Germany

Ein Schuljahr geprägt von Pandemie und Krieg

Ausbildung

Bildungsreferentin Christine Haberlander (ÖVP) und Bildungsdirektor Alfred Klampfer zogen am Mittwoch Bilanz über das vergangene Schuljahr. Das vergangene Schuljahr war nicht nur vom Coronavirus, sondern auch vom Krieg in der Ukraine geprägt.

07.07.2022 11:53 Uhr

Ab heute, 11.53 Uhr online

Das Schuljahr hat laut Bildungsreferentin Christine Haberlander (ÖVP) mit einer Corona-Sicherheitsphase für Schülerinnen und Schüler begonnen und mit „Schule wie bisher“ geendet. Und dazwischen lagen mehr als 6,3 Millionen PCR-Tests, Maskenpflicht, Lockdowns, keine Maskenpflicht, Schritte in Richtung Normalität – und jede Menge Digitalisierung.

Digitalisierung im Unterricht

So hat die Bundesregierung im September die ersten Laptops und Tablets an Schulen und Schüler geliefert, die dann während des November-Lockdowns von Schülern benötigt wurden, auch wenn die Schulen geöffnet blieben.

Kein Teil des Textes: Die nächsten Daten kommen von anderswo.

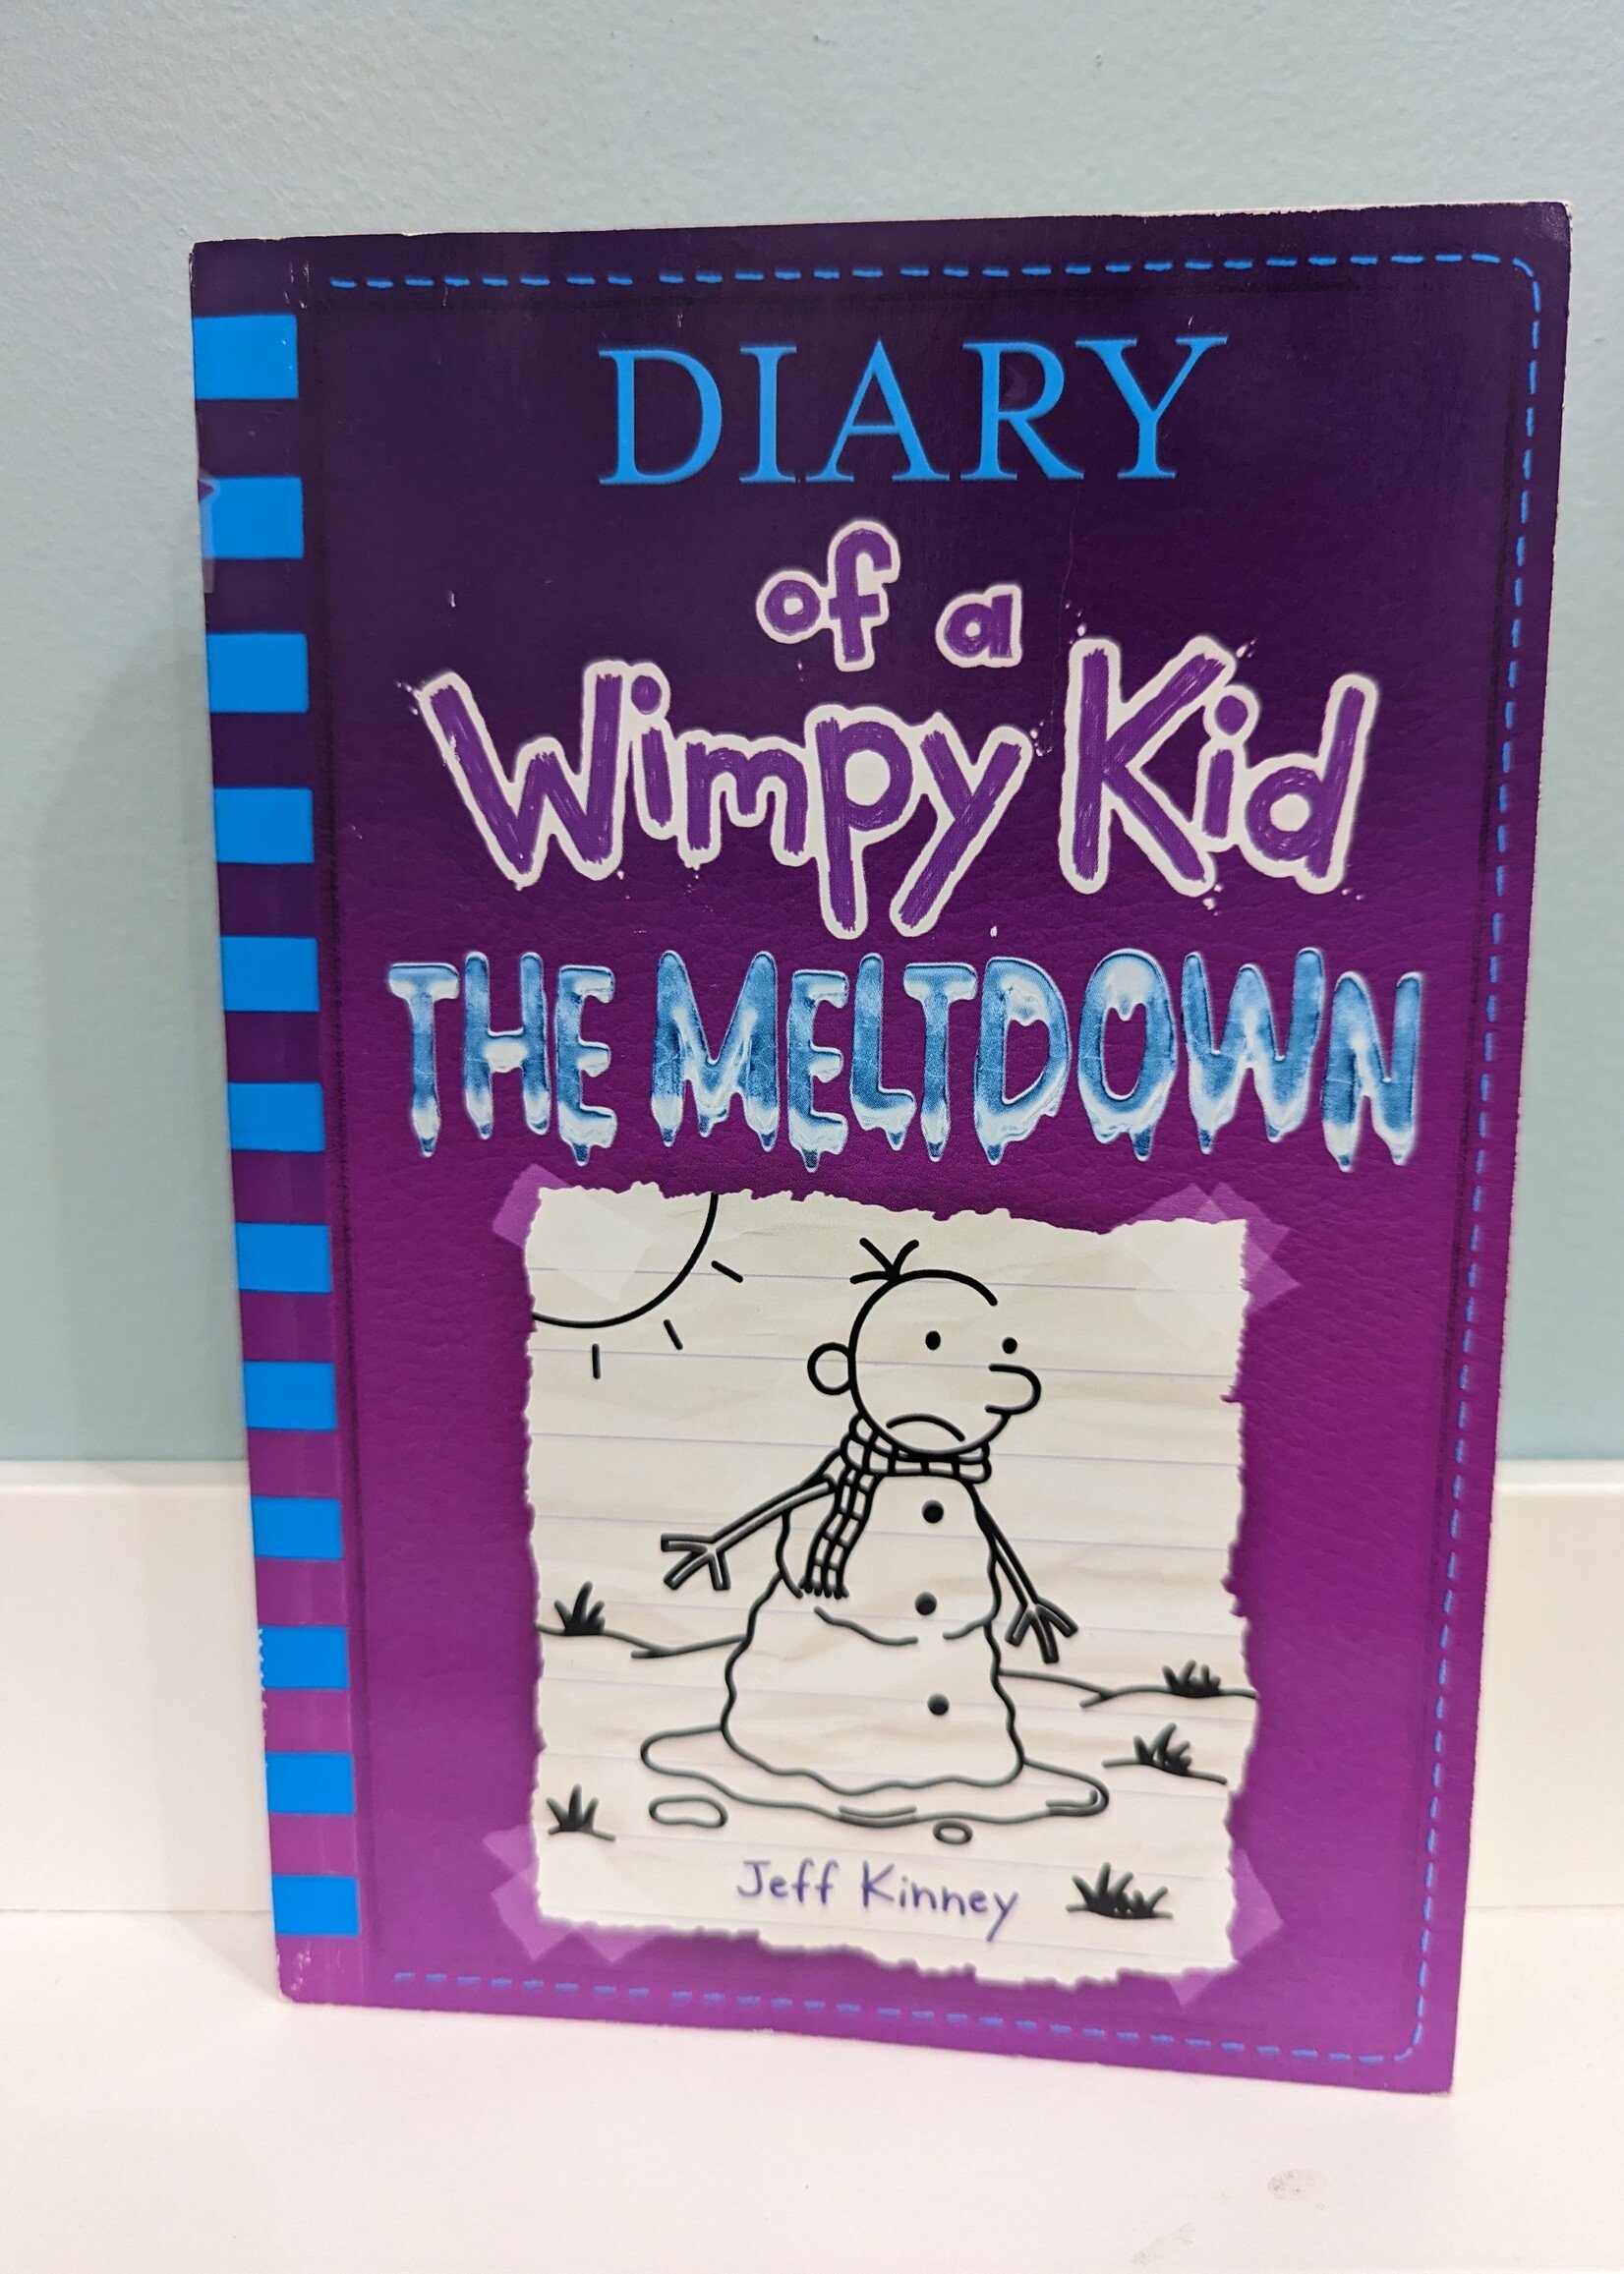 Abrams Books Diary of a Wimpy Kid: The Melt Down #13

Corona ist laut Bildungsdirektor Alfred Klampfer auch der Hauptgrund für den Hausaufgabenabbruch von 1.408 Schülern. Im Studienjahr 2021/22 haben insgesamt 6343 Studierende ihren Abschluss gemacht, ein Großteil von ihnen hat bestanden.

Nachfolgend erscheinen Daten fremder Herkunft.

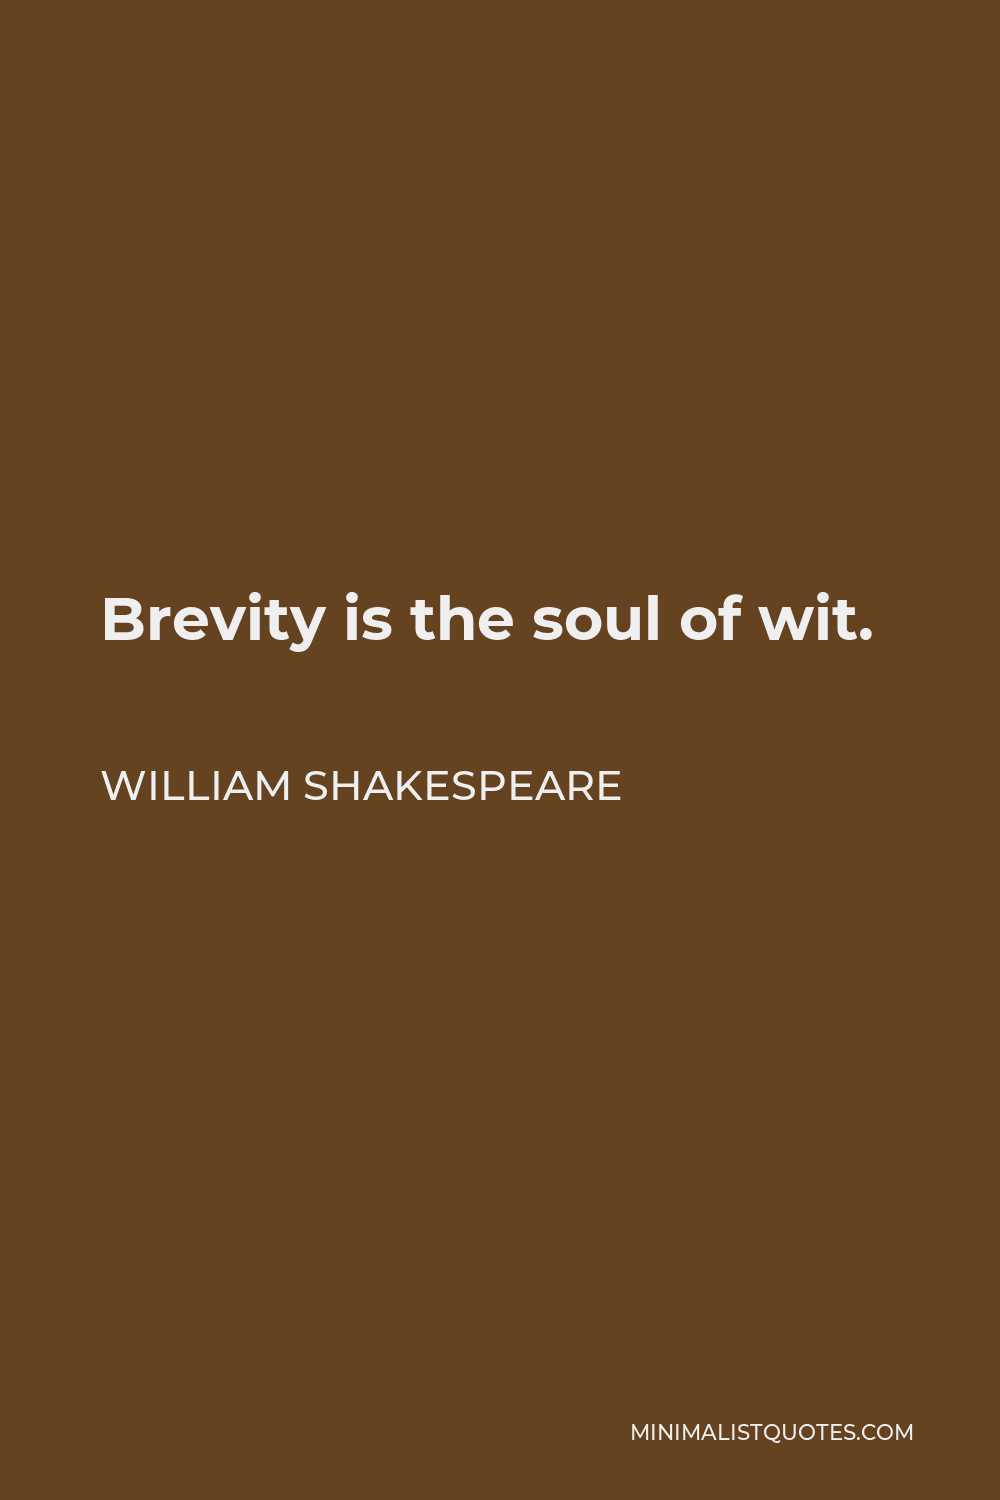 William Shakespeare Quote - Brevity is the soul of wit.

1400 Studenten aus der Ukraine

Der Krieg in der Ukraine hat auch Auswirkungen auf die Schulen: Rund 1.400 aus der Ukraine vertriebene Kinder und Jugendliche besuchen derzeit Schulen in Oberösterreich. 82 bereits pensionierte Lehrer wurden wiederernannt, um sie zu unterrichten.

Kritik von der SPÖ

SPÖ-Vorsitzender Michael Lindner hingegen stellt dem Bildungsbeauftragten kein gutes Zeugnis aus. Seit 2018 ist sich Haberländer des akuten Lehrermangels bewusst und fordert Maßnahmen. Alle Initiativen der SPÖ gegen den Lehrermangel seien laut Lindner von der ÖVP verzögert oder abgelehnt worden.